• Recorded data:
◆ ◆ ◆ ◆ ◆ ◆ ◆

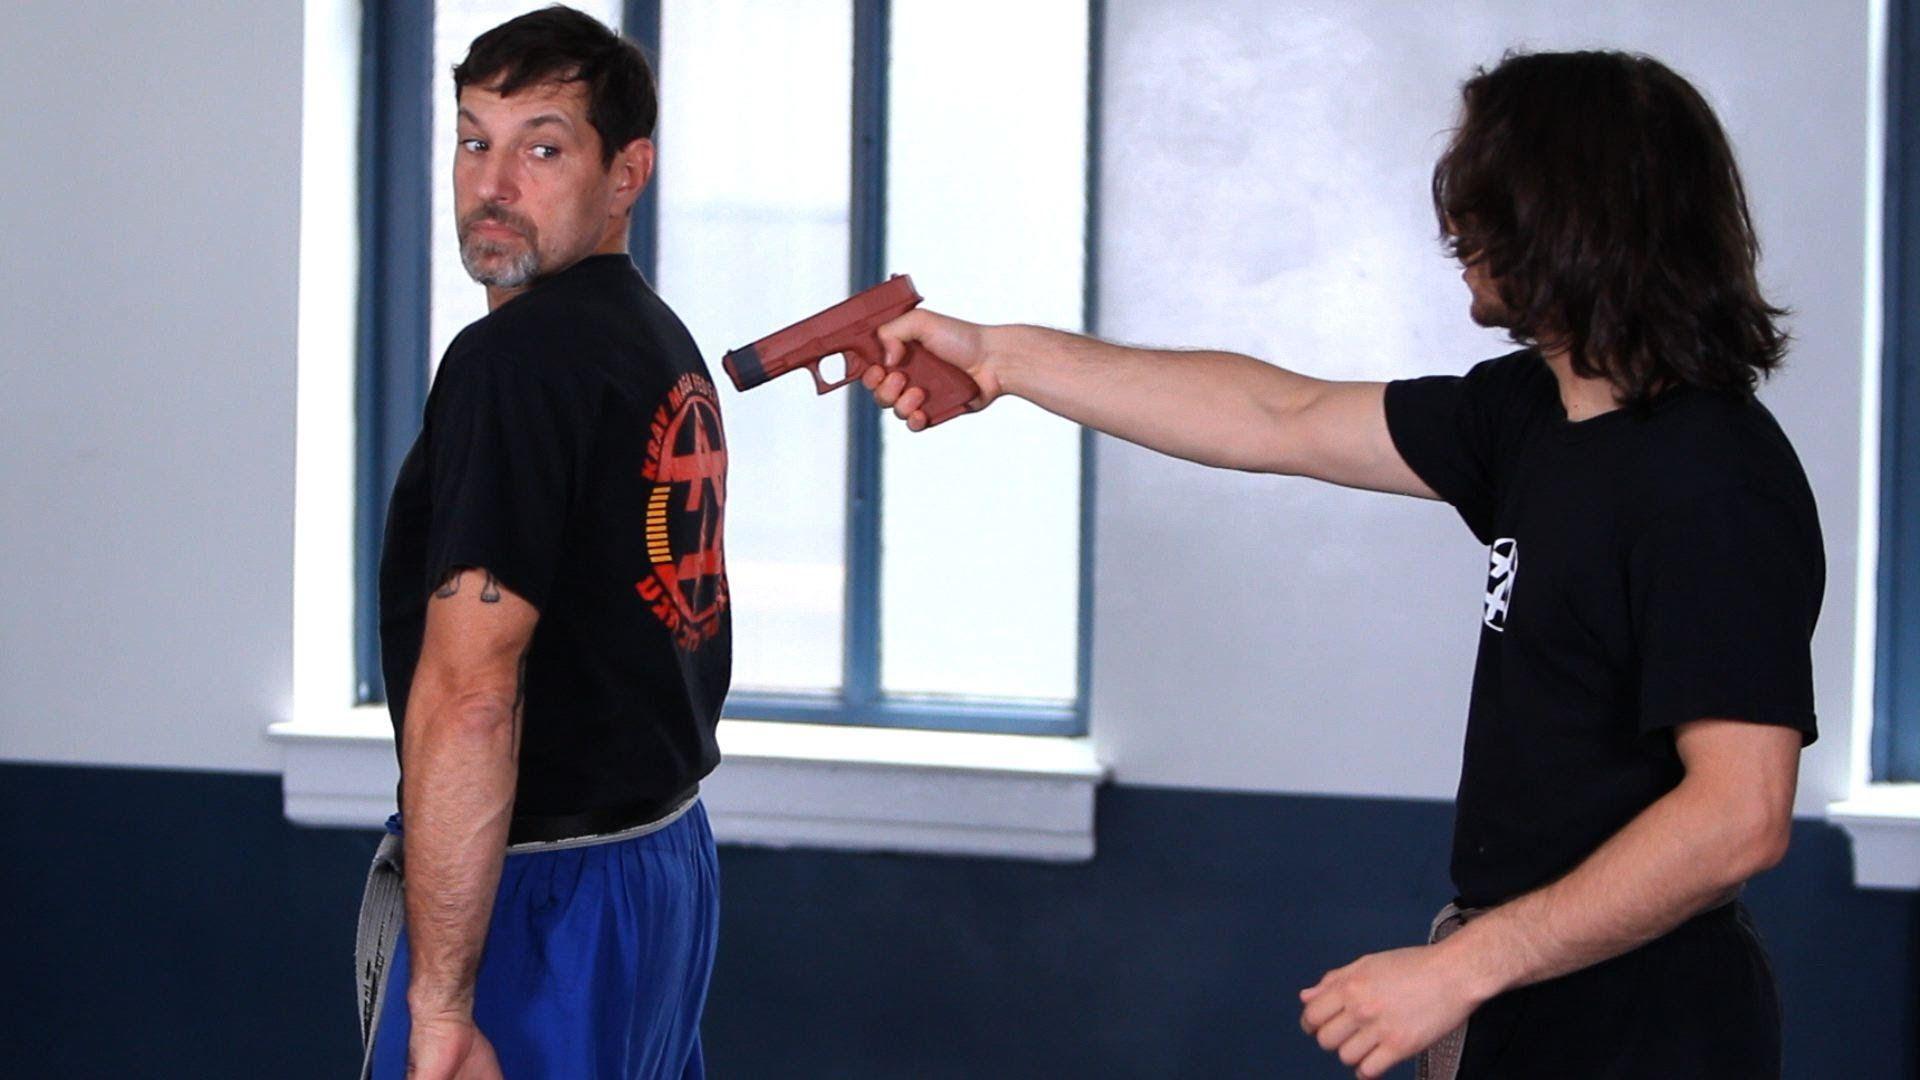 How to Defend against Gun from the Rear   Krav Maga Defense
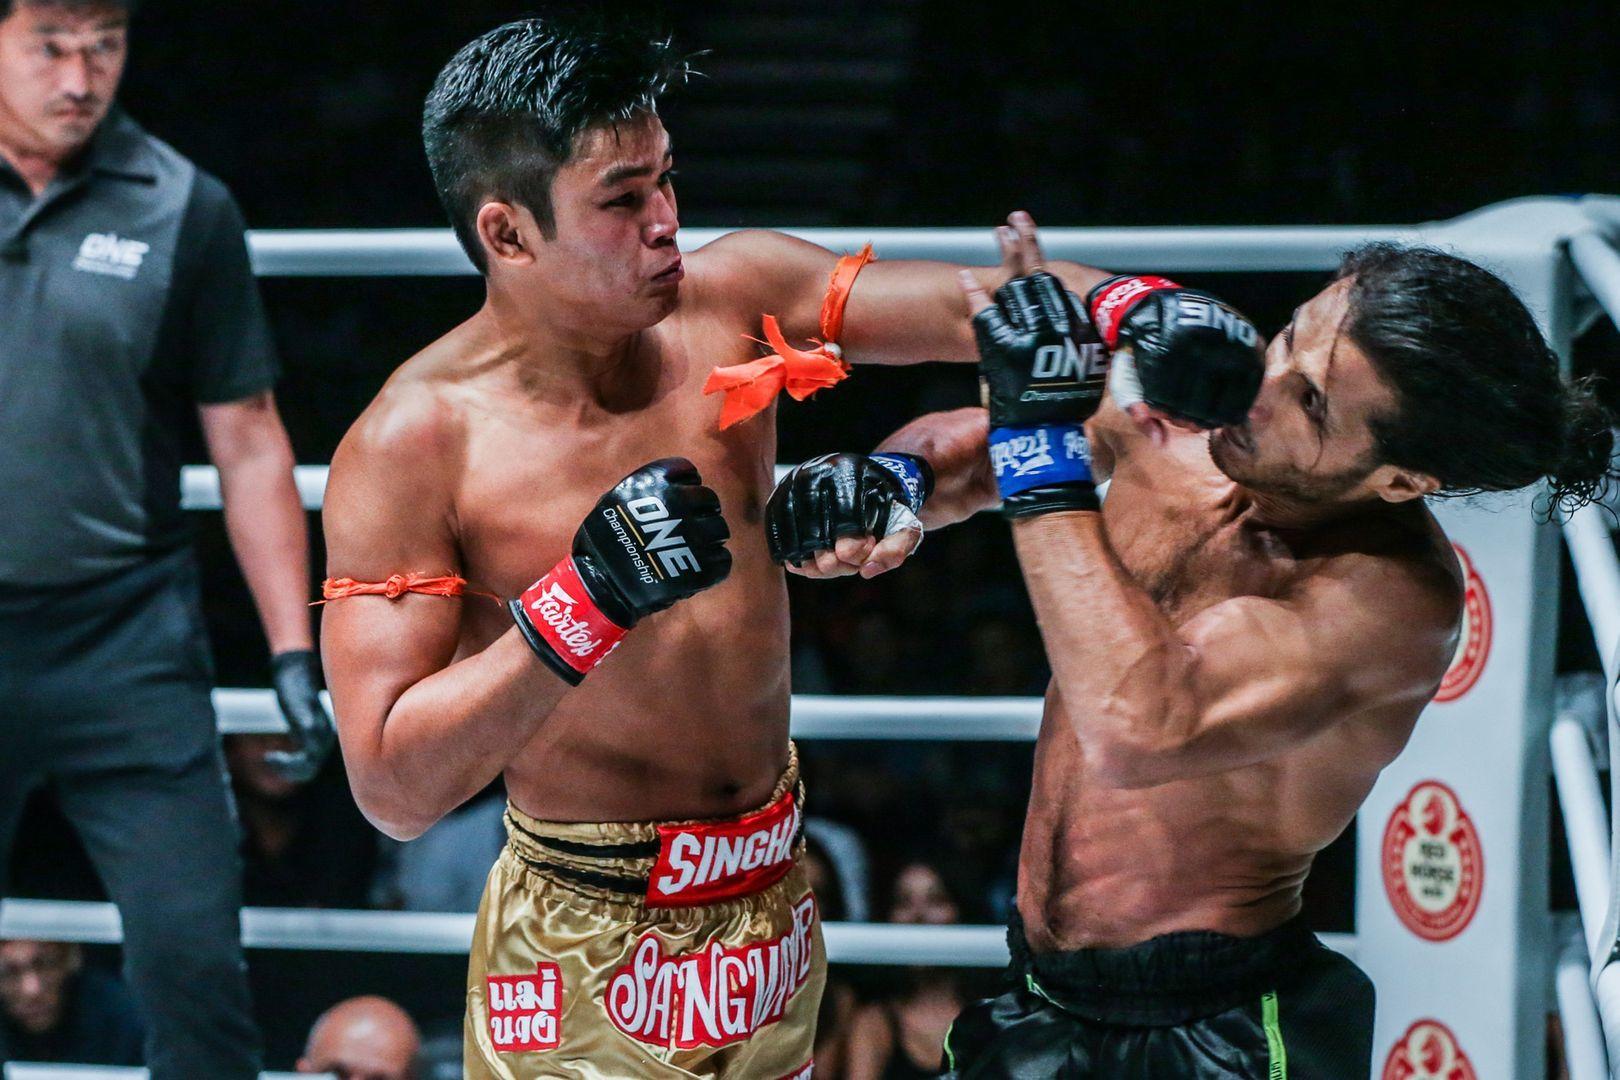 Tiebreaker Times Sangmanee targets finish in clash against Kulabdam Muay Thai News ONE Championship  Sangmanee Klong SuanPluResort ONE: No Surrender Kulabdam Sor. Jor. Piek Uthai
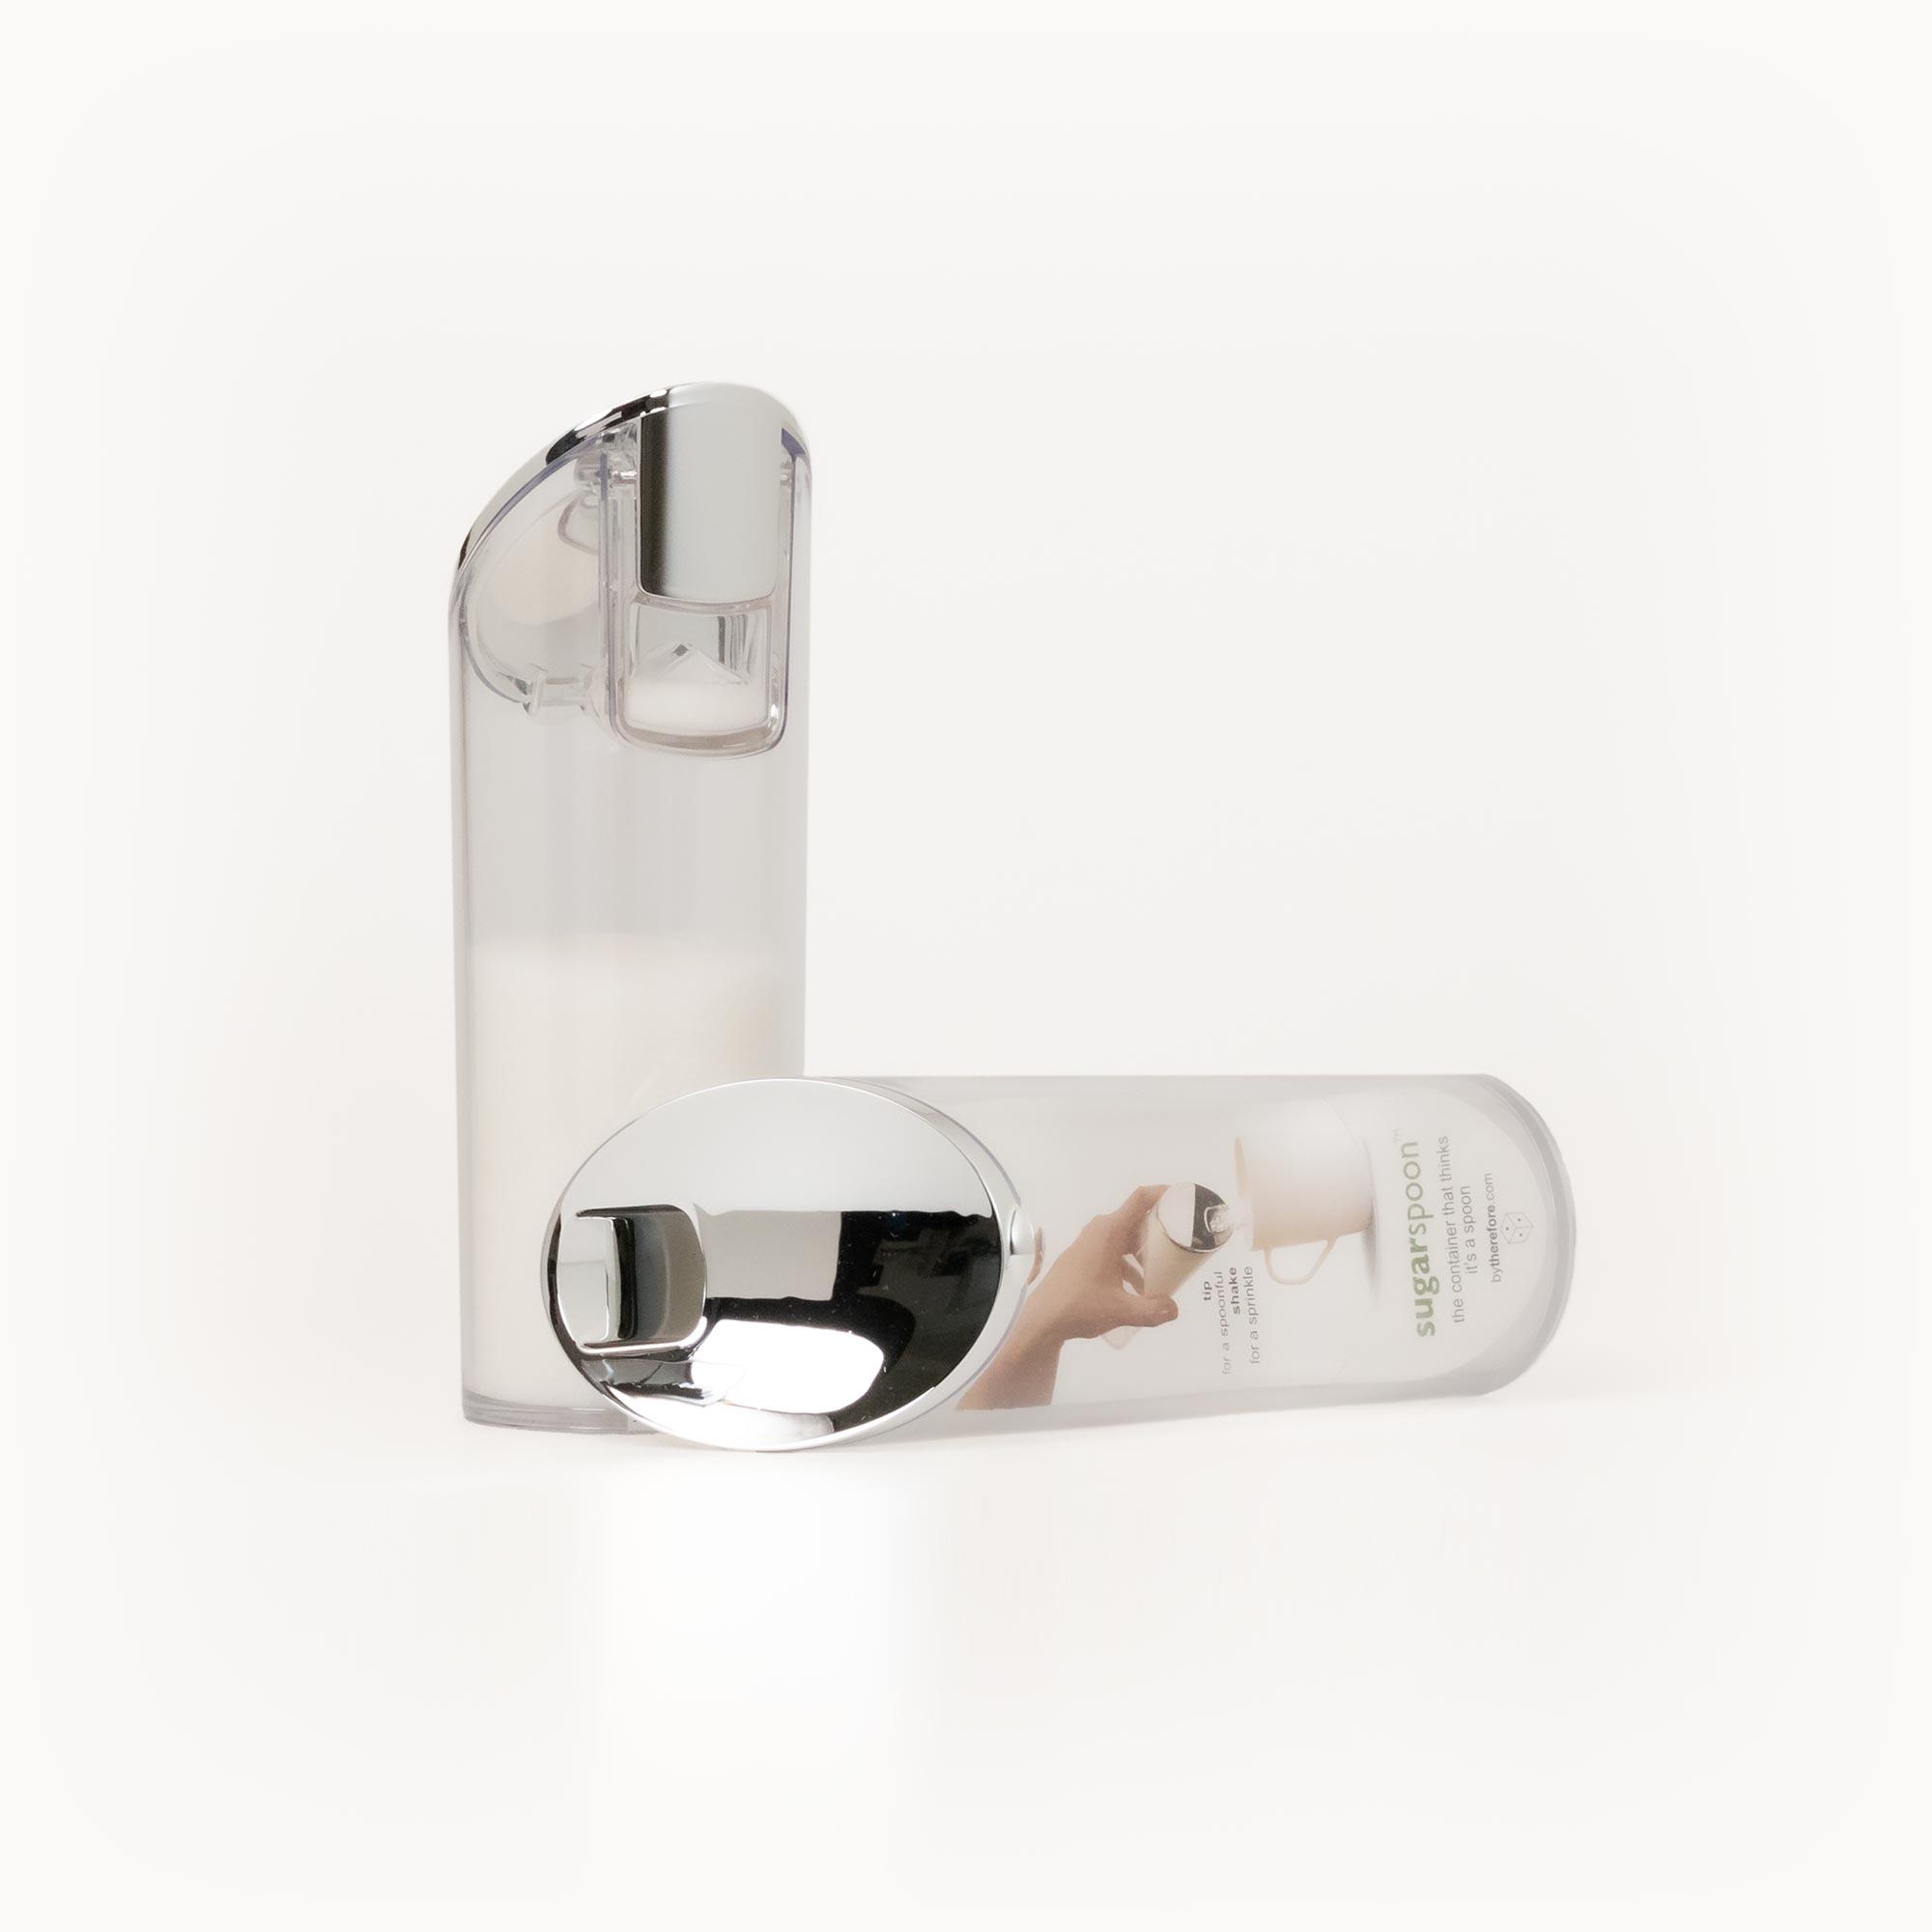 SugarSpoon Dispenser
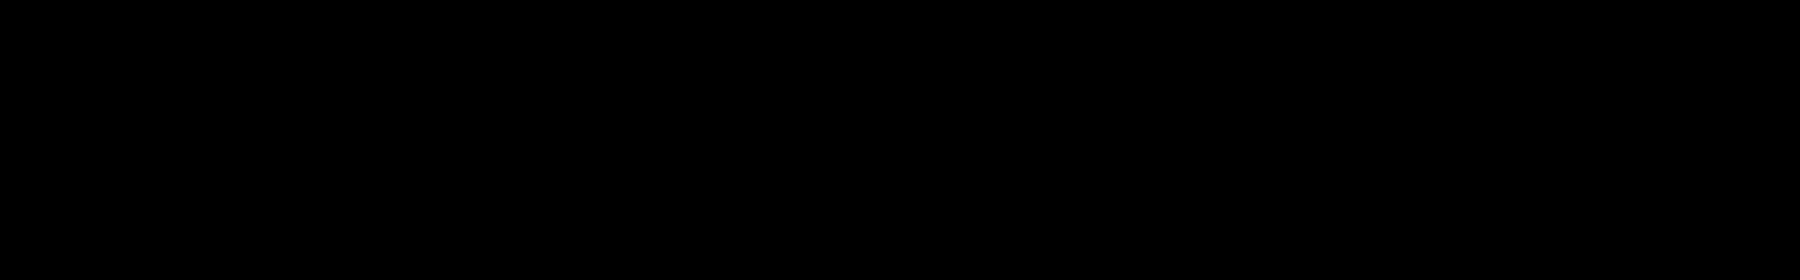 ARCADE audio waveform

◆ ◆ ◆ ◆ ◆ ◆ ◆

Output only the lines that run from the line containing "Tiebreaker Times Sangmanee" to the last line of the data, exactly as they stand and without pictures.

• Result of this exercise:
 Tiebreaker Times Sangmanee targets finish in clash against Kulabdam Muay Thai News ONE Championship  Sangmanee Klong SuanPluResort ONE: No Surrender Kulabdam Sor. Jor. Piek Uthai
 SugarSpoon Dispenser
 ARCADE audio waveform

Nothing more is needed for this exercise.